Long-Form Text-to-Music Generation with Adaptive Prompts: A Case of Study in Tabletop Role-Playing Games Soundtracks

Felipe Marra,Lucas N. Ferreira
2024-11-06
Abstract:This paper investigates the capabilities of text-to-audio music generation models in producing long-form music with prompts that change over time, focusing on soundtrack generation for Tabletop Role-Playing Games (TRPGs). We introduce Babel Bardo, a system that uses Large Language Models (LLMs) to transform speech transcriptions into music descriptions for controlling a text-to-music model. Four versions of Babel Bardo were compared in two TRPG campaigns: a baseline using direct speech transcriptions, and three LLM-based versions with varying approaches to music description generation. Evaluations considered audio quality, story alignment, and transition smoothness. Results indicate that detailed music descriptions improve audio quality while maintaining consistency across consecutive descriptions enhances story alignment and transition smoothness.
Sound,Artificial Intelligence,Multimedia,Neural and Evolutionary Computing,Audio and Speech Processing
What problem does this paper attempt to address?

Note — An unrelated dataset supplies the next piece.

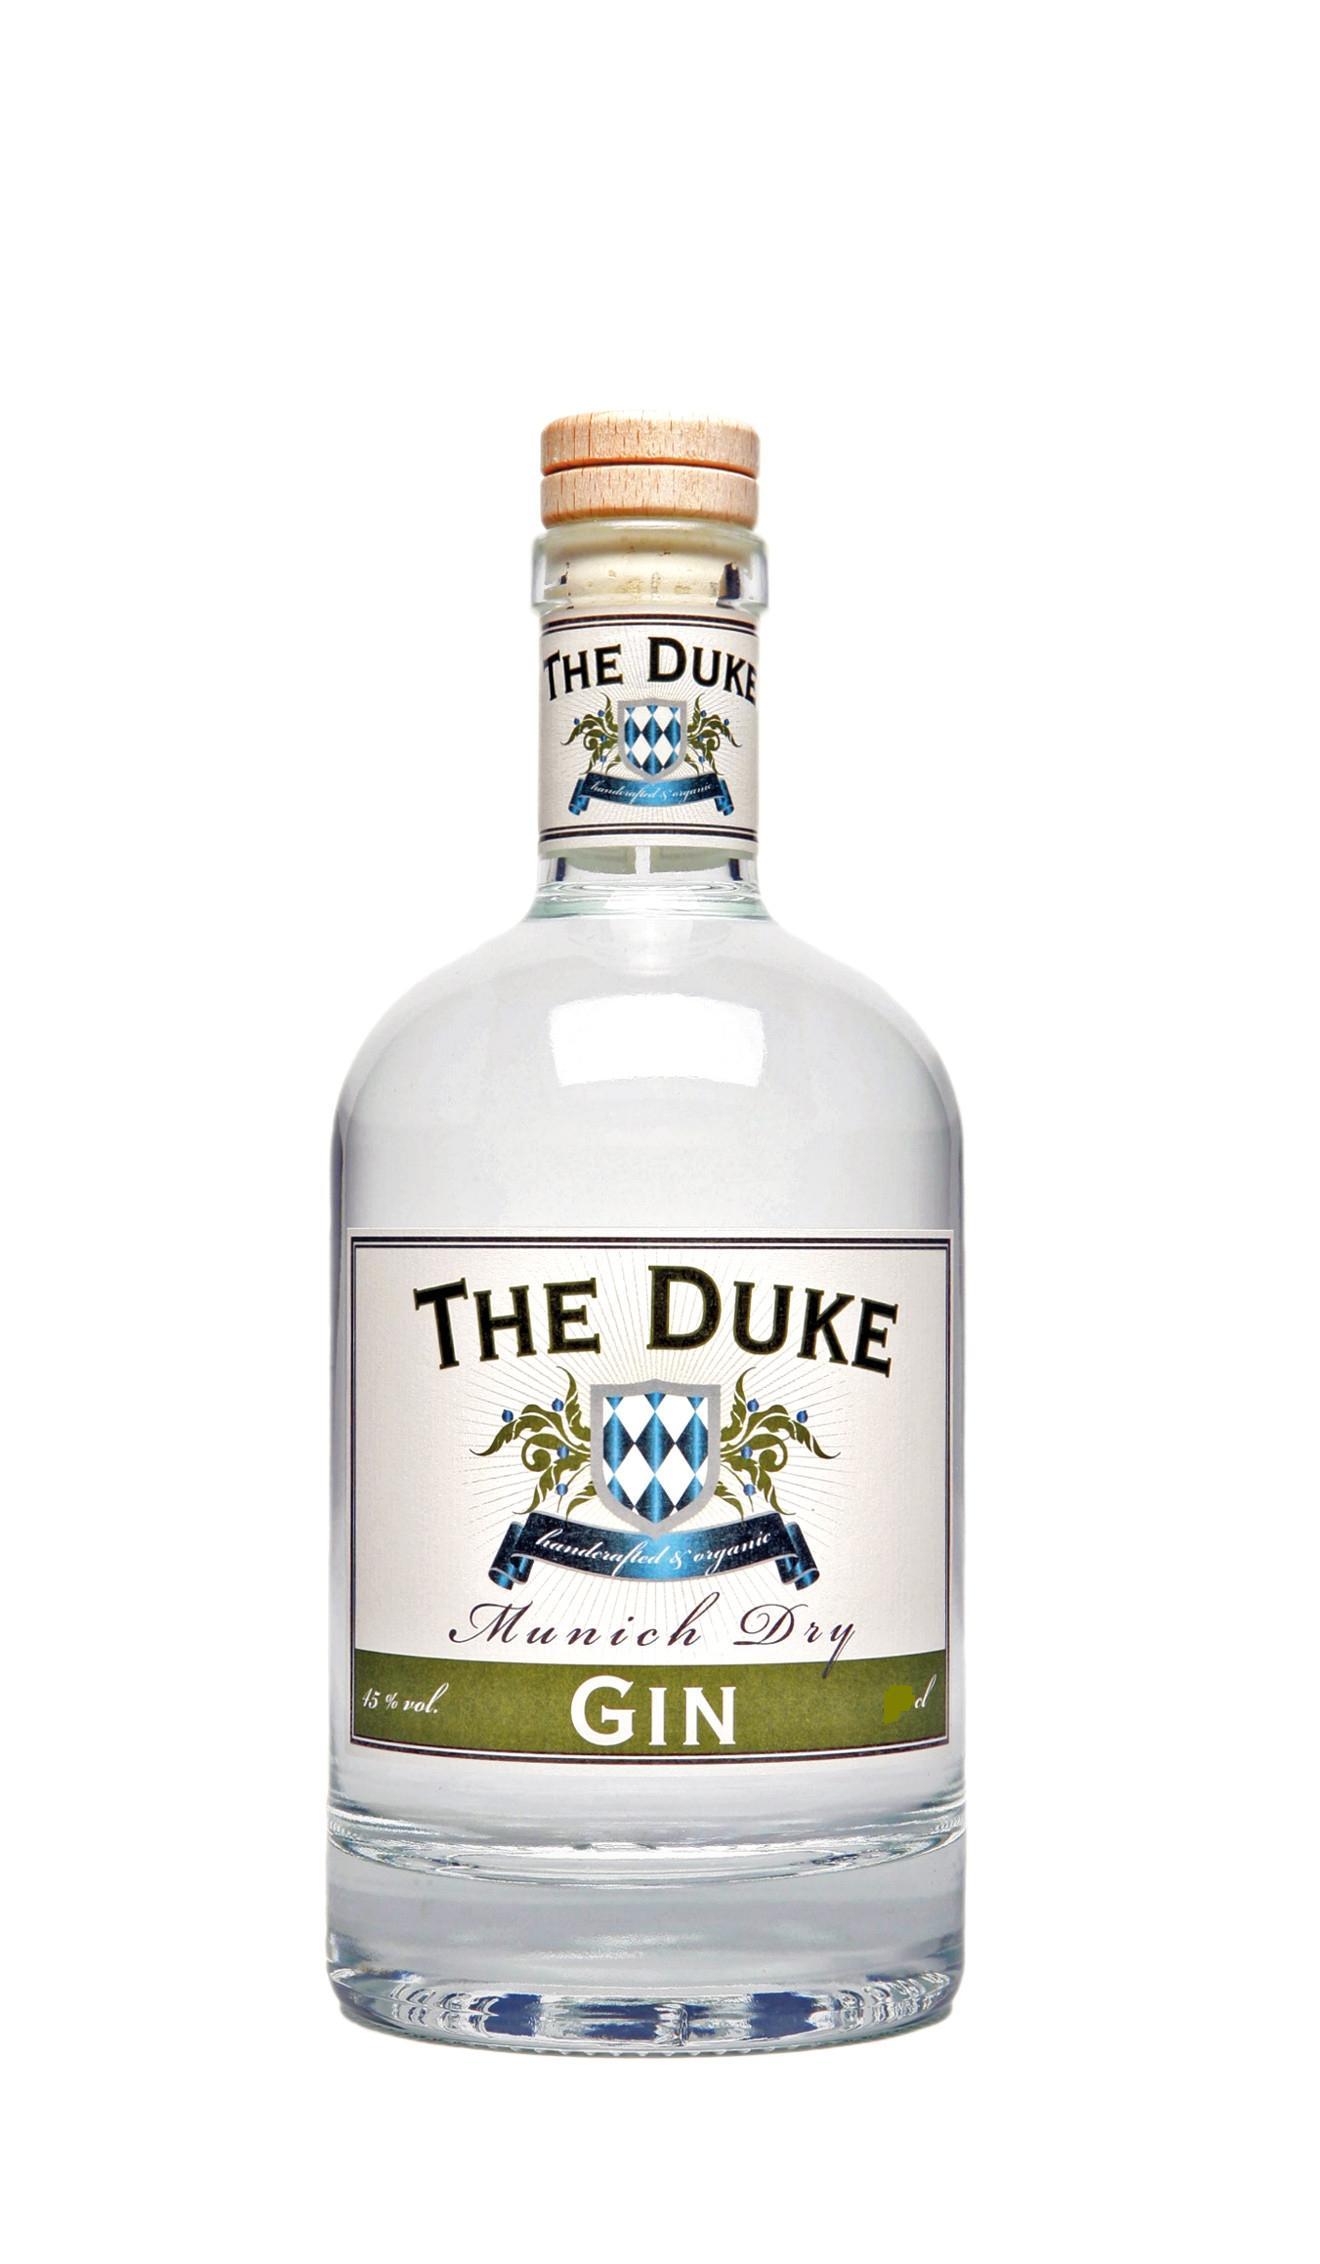 The Duke Munich Dry Gin 100ml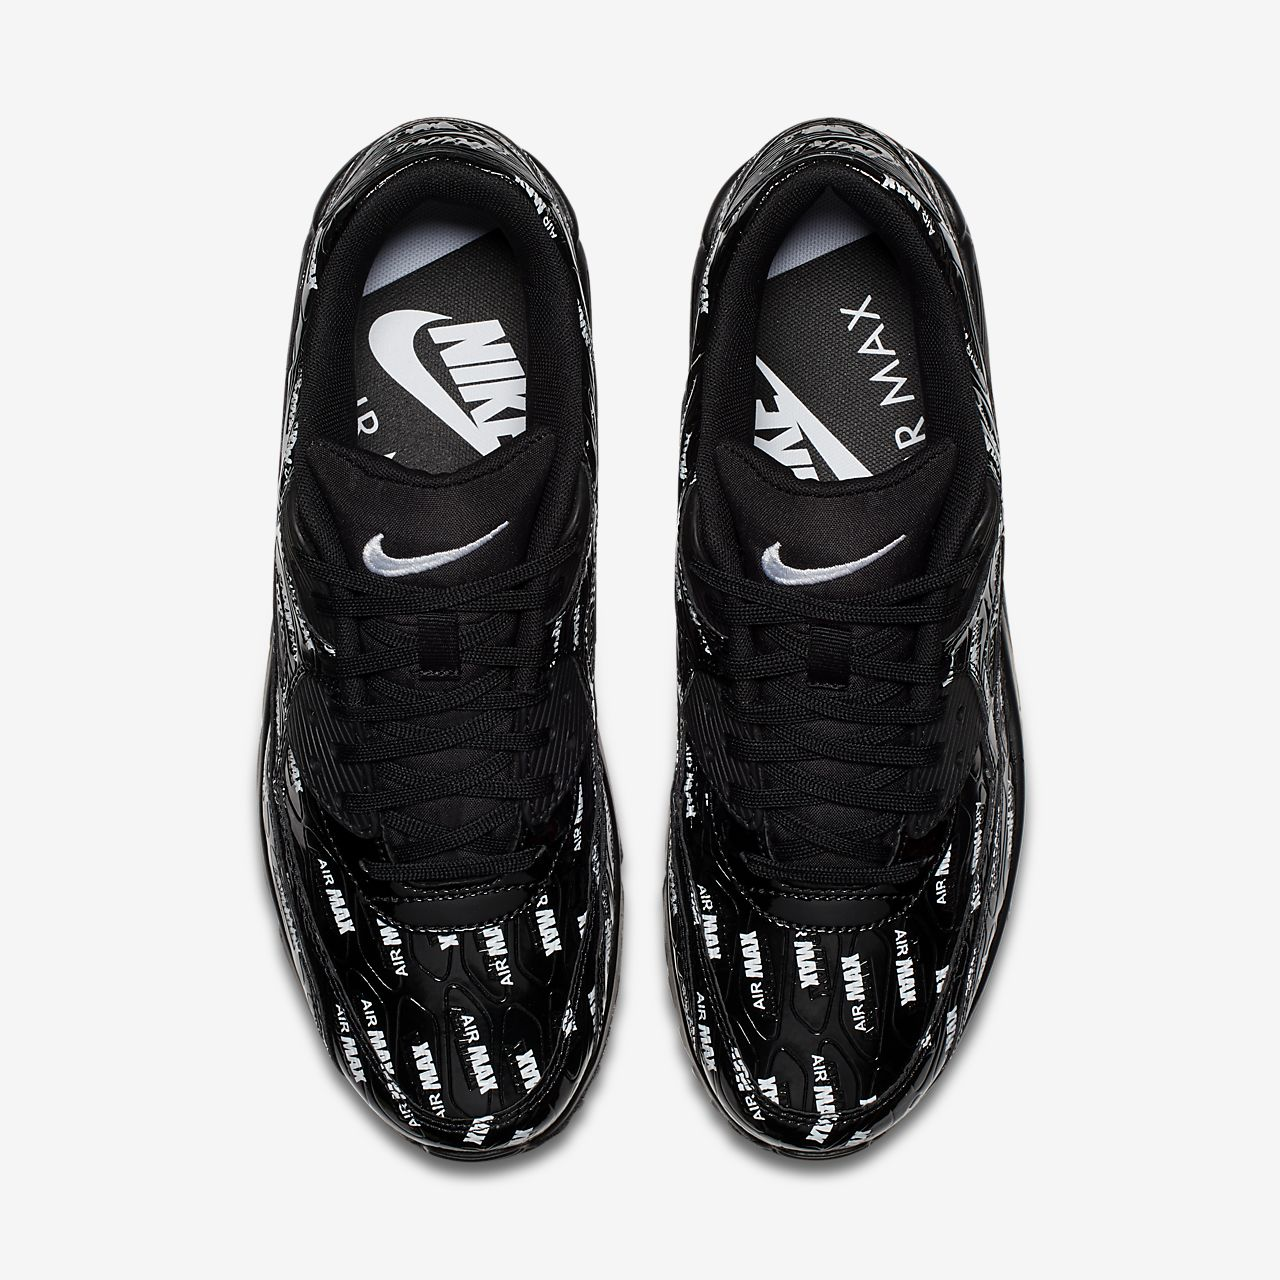 separation shoes e1c03 eb1fd ... Chaussure Nike Air Max 90 Premium pour Homme

The problems that this paper attempts to solve are: **Evaluating the performance of text - to - music generation models when generating long - duration music (more than 30 seconds), especially in the application of background music generation in tabletop role - playing games (TRPGs)**. Specifically, the author focuses on: 1. **Challenges in generating long - duration music**: Existing text - to - music generation models usually generate music clips within a short time (such as 30 seconds). However, when it is required to generate longer - duration music, how to ensure the quality, coherence, and consistency with the story scene of the music is a challenge. Especially in TRPGs, as the plot of the game changes, the music description also needs to be continuously updated. 2. **The role of adaptive prompts**: How to control the music generation process through dynamically changing prompts (that is, music descriptions generated in real - time according to the game plot), so that the generated music can better match the game scene and the transition between different scenes is smoother. To solve these problems, the author proposes a system named **Babel Bardo**, which combines large - language models (LLM) and text - to - music generation models to transcribe players' dialogues into music descriptions and generate corresponding background music. The paper conducts experiments with four different versions of the Babel Bardo system and evaluates its performance in two TRPG campaigns, focusing on the following aspects: - **Audio quality**: Use the Fréchet Audio Distance (FAD) metric to measure the quality of the generated music. - **Consistency with the story**: Use the Kullback - Leibler Divergence (KLD) metric to measure the similarity between the generated music and the original background music. - **Smoothness of transition**: Also use the KLD metric to measure whether the transition between music clips is smooth. The experimental results show that detailed music descriptions are helpful to improve audio quality, and maintaining the consistency between continuous descriptions is helpful to achieve smoother music transitions. In addition, emotional signals (such as happiness, calmness, excitement, suspense) play an important role in generating music that conforms to the TRPG plot.